Three Pro Tips for Increasing Hospice Awareness — and Utilization
By: Jessica Chew | December 19, 2019
In our latest Industry Trend Report, we continued to see hospice utilization hover around 50%. In addition, in a recent Consumer Assessment of Healthcare Providers and Systems survey, the number one complaint families reported on hospice was they wished their loved ones had entered hospice sooner.
At Trella Health, hospice awareness and education are especially important topics to us. We recently hosted a webinar where industry leaders discussed their strategies for promoting hospice education, best practices for working with referral sources — as well as new ideas and predictions for 2020. Here are 3 major takeaways!
Takeaway 1: Too many families still think of hospice as a death sentence
Social media, community outreach, and traditional advertising all play a role in reframing hospice from a death sentence to an earned benefit and compassionate alternative to institutional care.
Russ Krengel, President and CEO of Kindful Hospice, shared how Tulsa, OK, hospice Clarehouse is using a one-act play called “We Should Talk,” to educate the community about end-of-life options. “It’s a form of experiential marketing that’s proving very effective.”
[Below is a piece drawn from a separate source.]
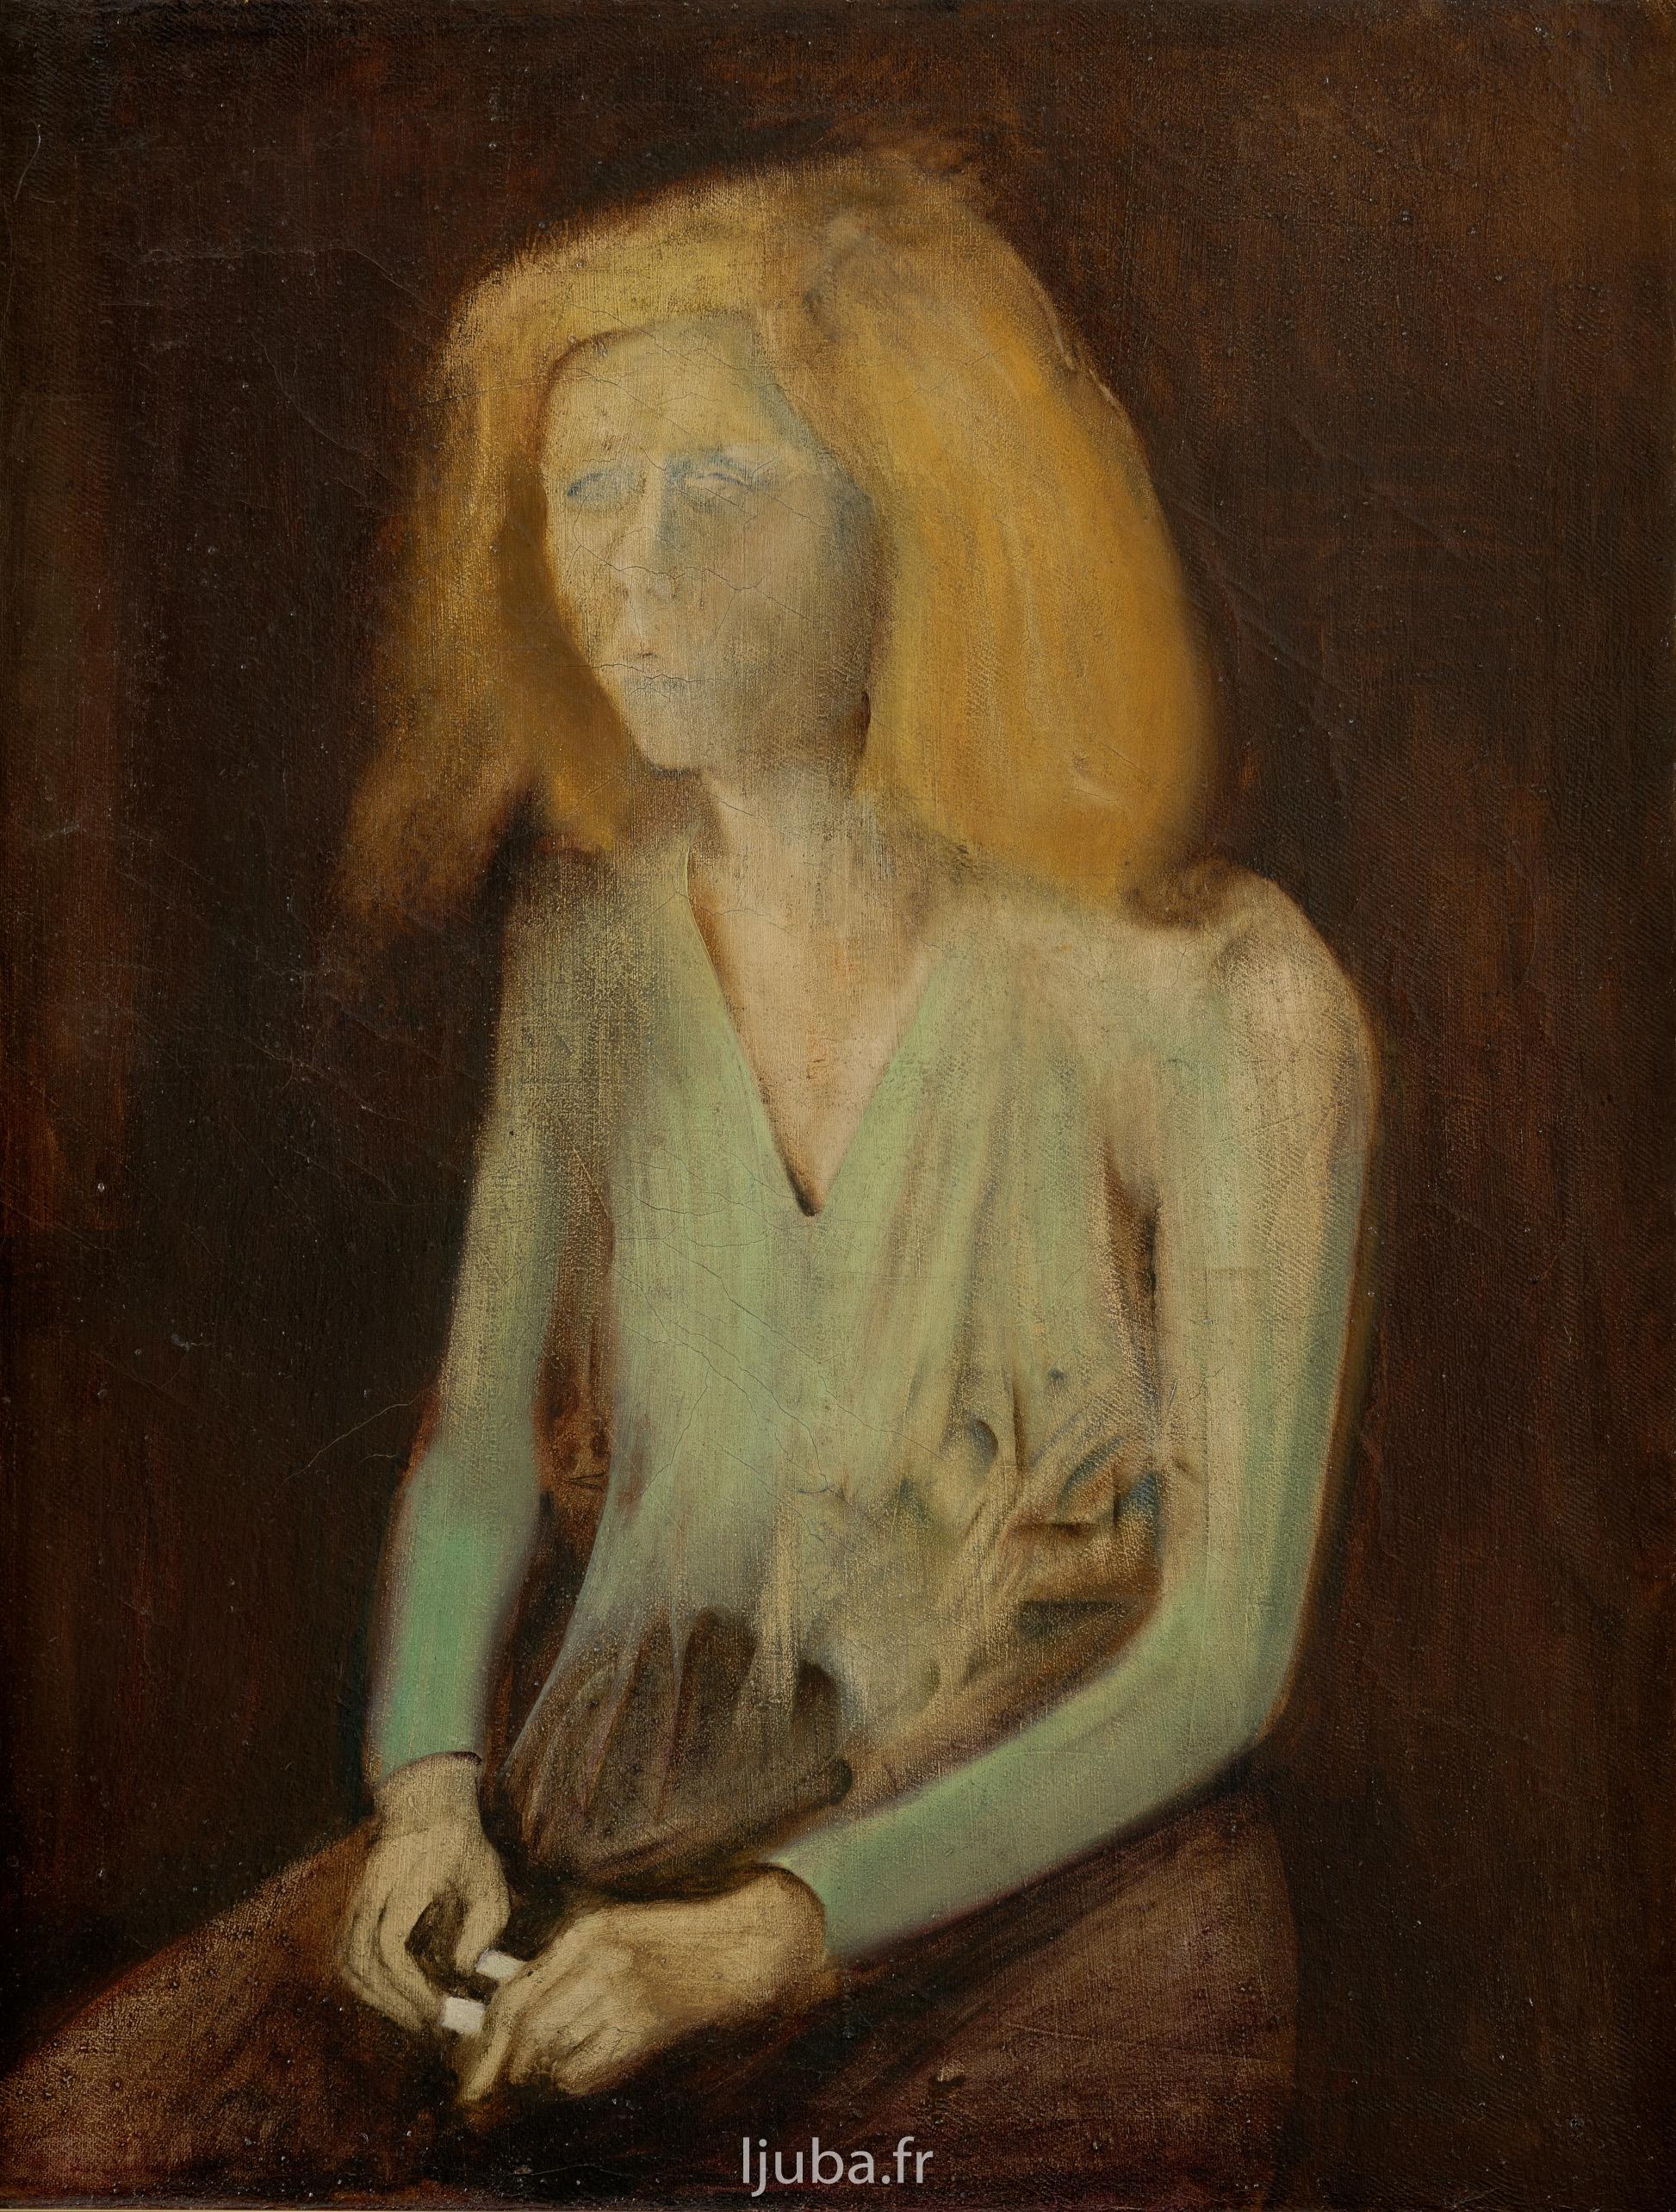 Ljuba Popovic - 1957, Le Personnage jaune

Other suggestions from the panel included being active on social media (i.e. sharing thank-you notes on Facebook), investing in a strong web presence to reach consumers directly when they’re searching, and even traditional ad campaigns – which hospice providers haven’t typically used.
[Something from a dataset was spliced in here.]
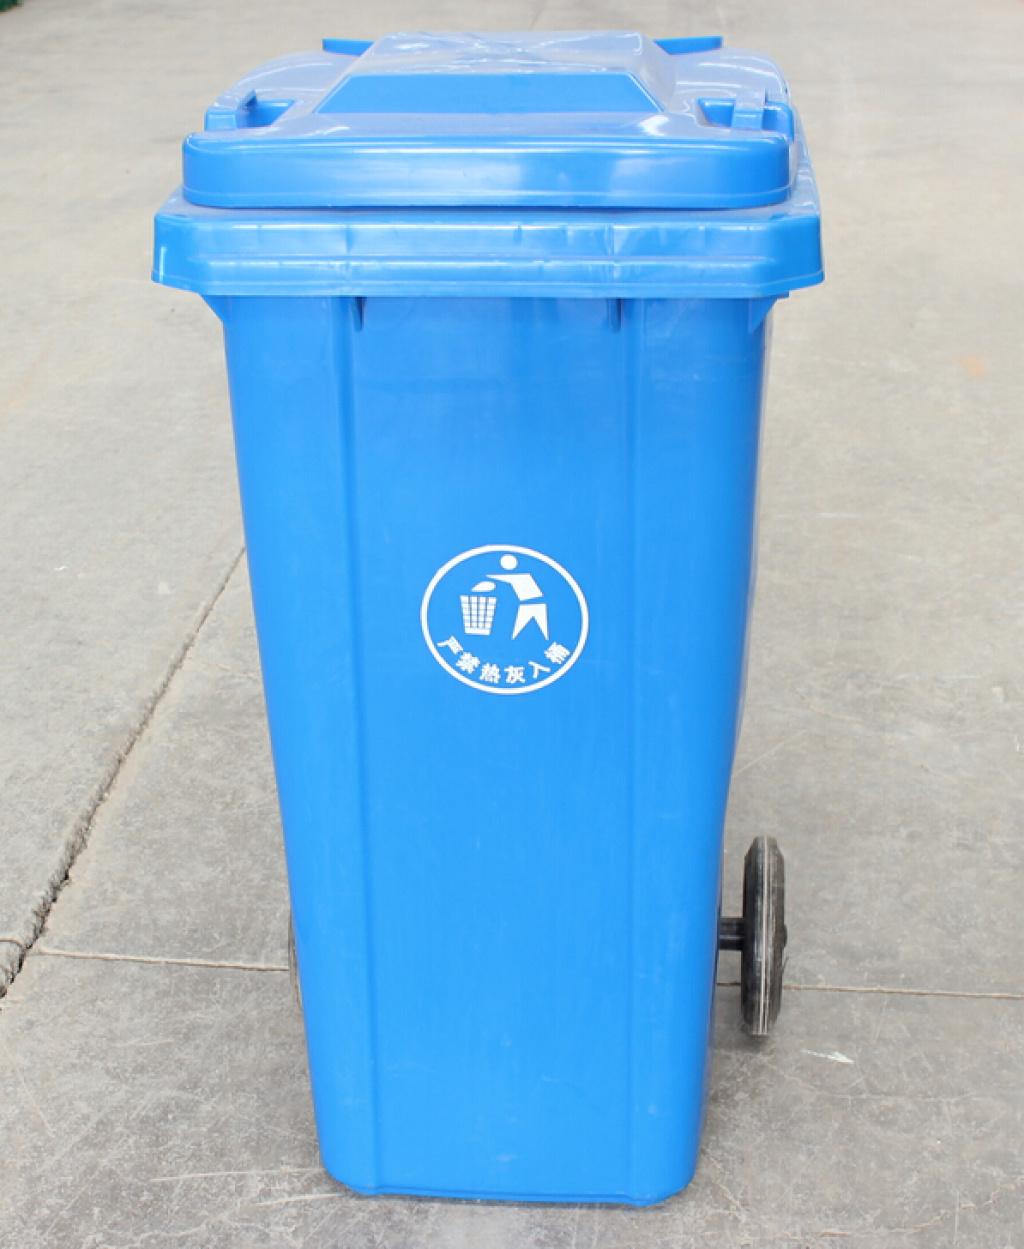 120l塑料垃圾桶_庆云瑞洁环卫设备有限公司

Takeaway 2: Physicians respond better to data than emotional appeals
In addition to the difficult nature of hospice conversations, the presenters agreed physicians are strapped for time and may not fully understand hospice eligibility criteria. Joe Mead, CEO at Careline Health Group, says that sharing Trella rehospitalization data has proven extremely effective in changing the conversation from philosophy to outcomes:
“They may ‘know’ that hospice election reduces rehospitalization and improves patient satisfaction — but when you show them their own data, then it’s not just guesswork. It’s ‘This is your data, and this is what Medicare sees when they see you.’”
Another suggestion from the experts included developing partnerships with teaching universities and schools to promote education around end-of-life care.
Takeaway 3: Partnerships are key to a continuum of care
Leigh Nunn, COO of Affinity Hospice, believes partnerships with skilled nursing, home health, and palliative care organizations can result in a seamless continuum of care with benefits for providers and patients alike. “I think the need for hospice care in collaboration with other programs is where we’ll see continued growth over the next year.”